Beginning at the line that holds "Sonoma Skies (737) - Colorxs Quad Palette", repeat every line through the last line of the material, exactly, and drop any pictures.

RAW DATA =>
____
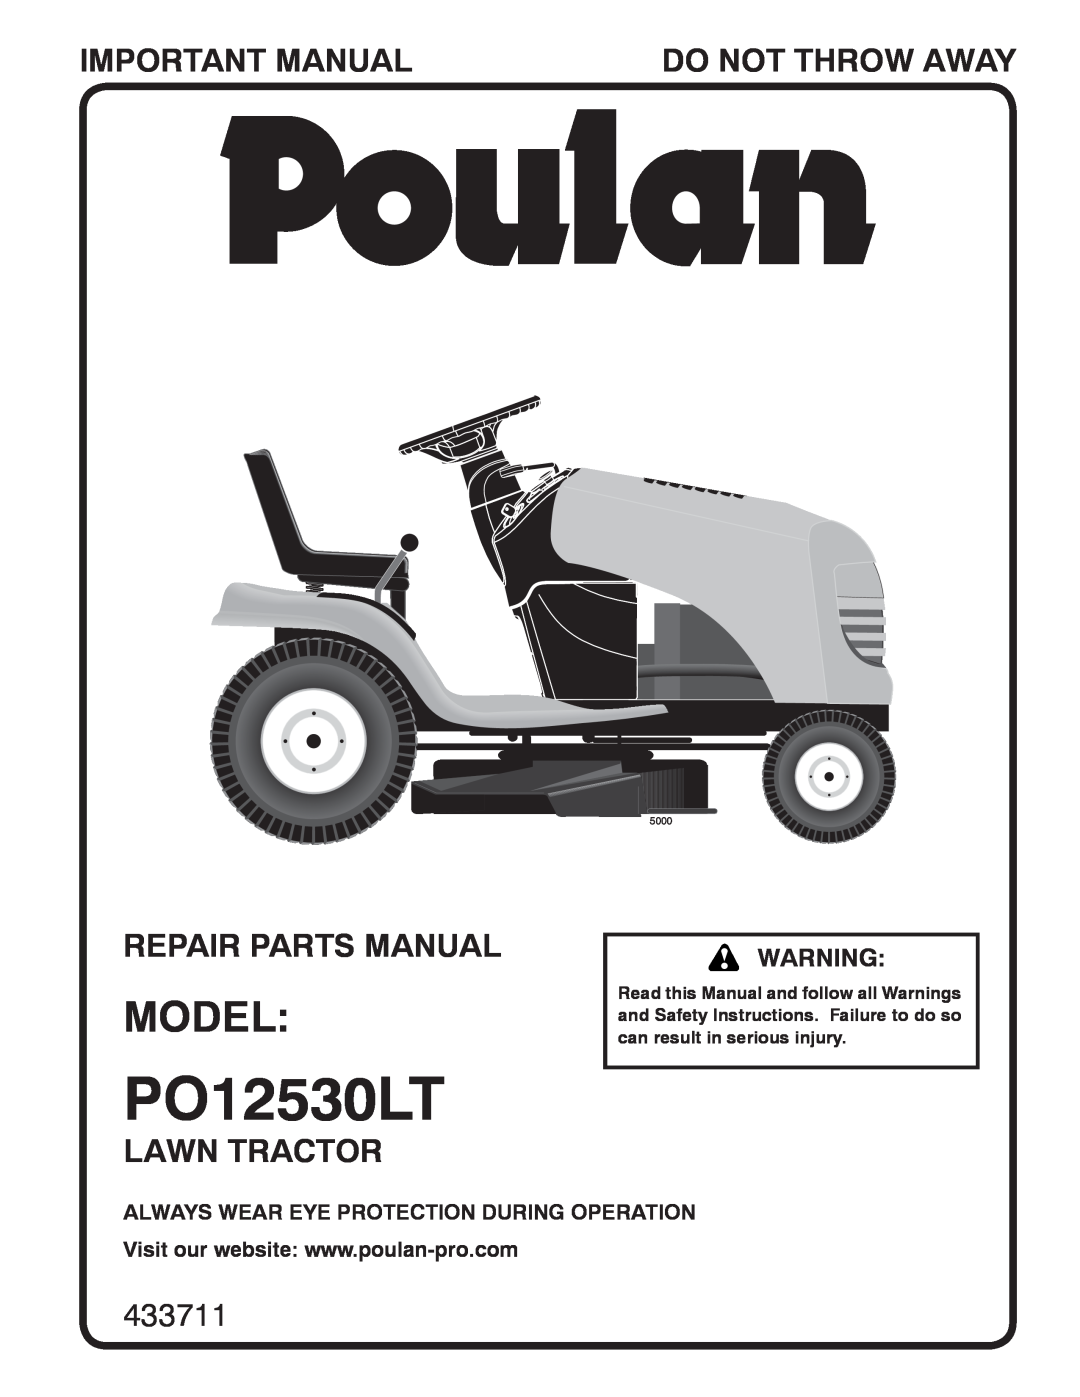 Poulan PO12530LT manual Model, Important Manual, Do Not Throw Away, Repair Parts Manual, Lawn Tractor, 433711, 5000 
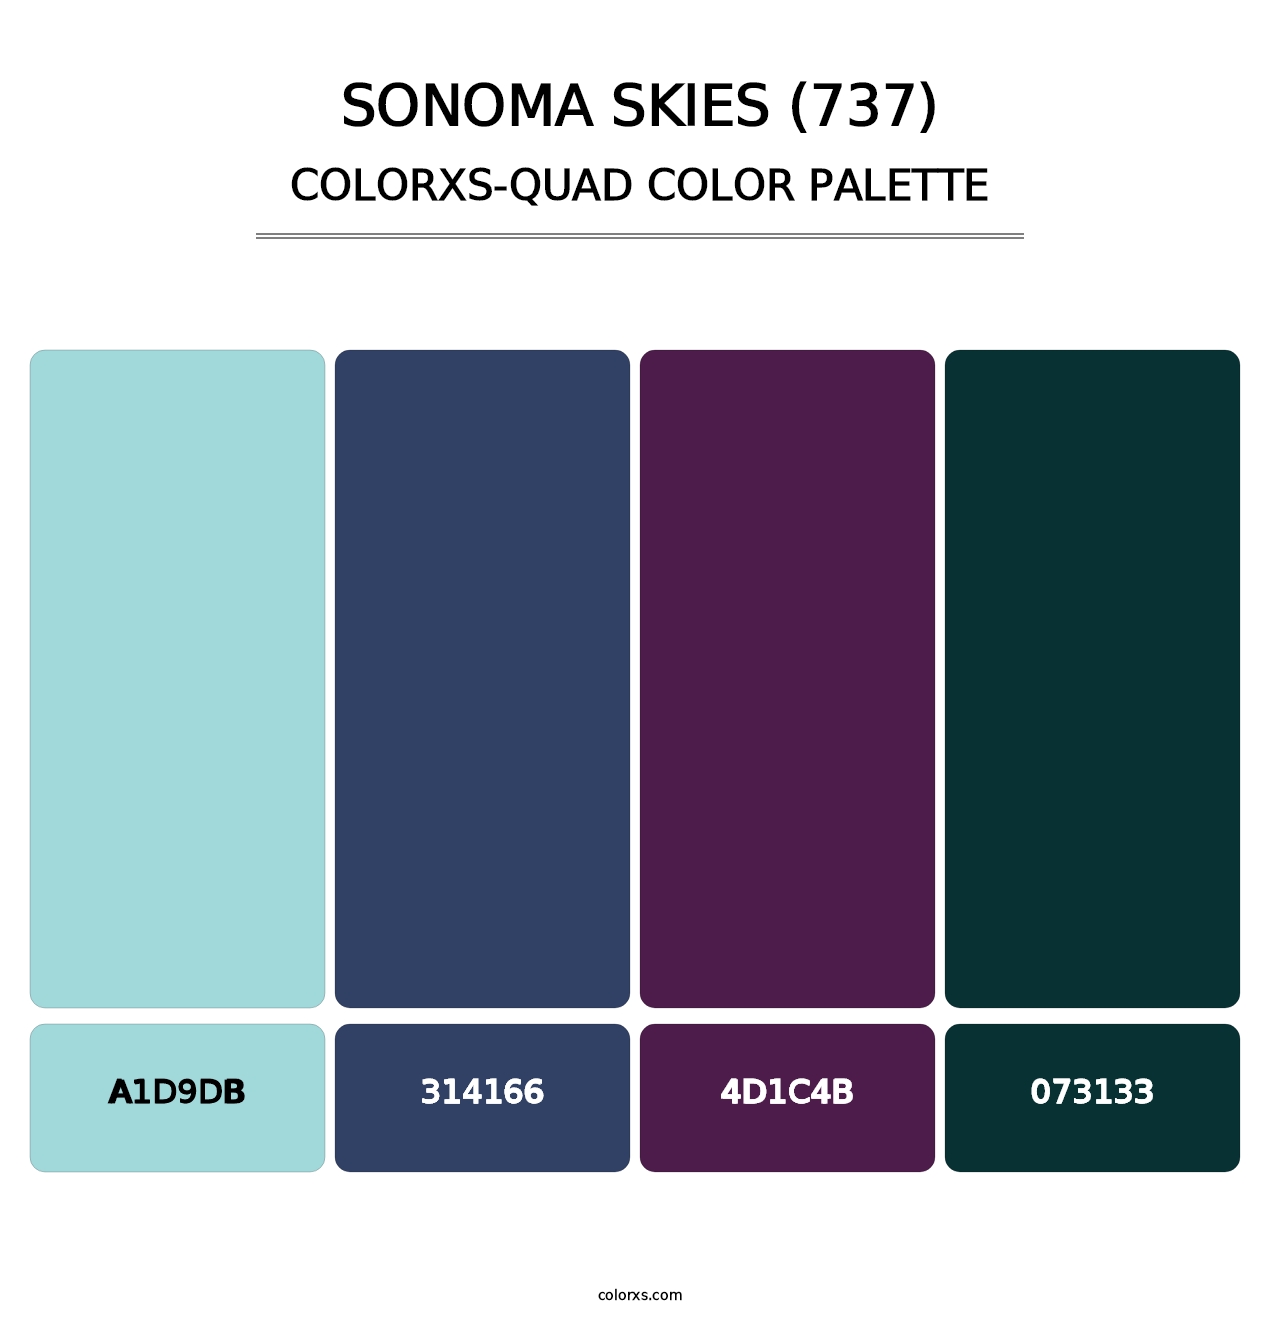 Sonoma Skies (737) - Colorxs Quad Palette
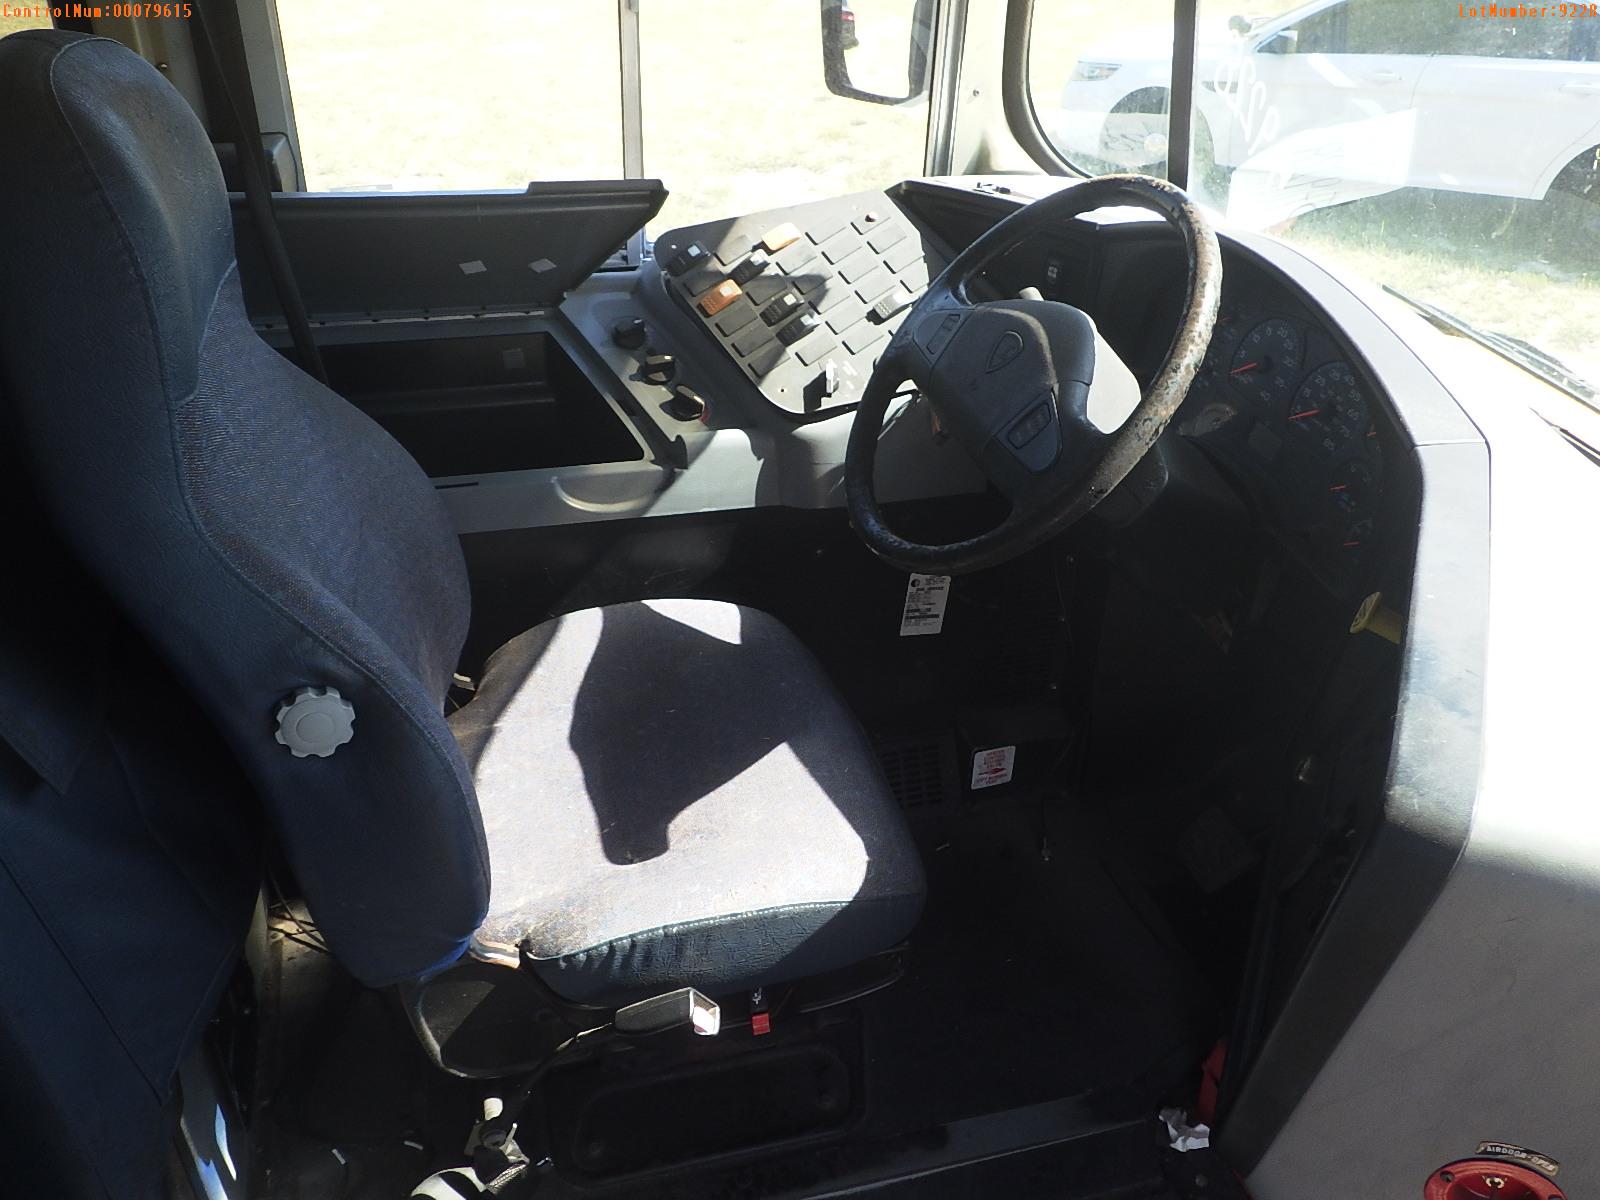 5-09228 (Trucks-Buses)  Seller: Gov-Hillsborough County School 2007 ICRP PB105
____
ANSWER TO THE PROBLEM =>
 Sonoma Skies (737) - Colorxs Quad Palette
 5-09228 (Trucks-Buses)  Seller: Gov-Hillsborough County School 2007 ICRP PB105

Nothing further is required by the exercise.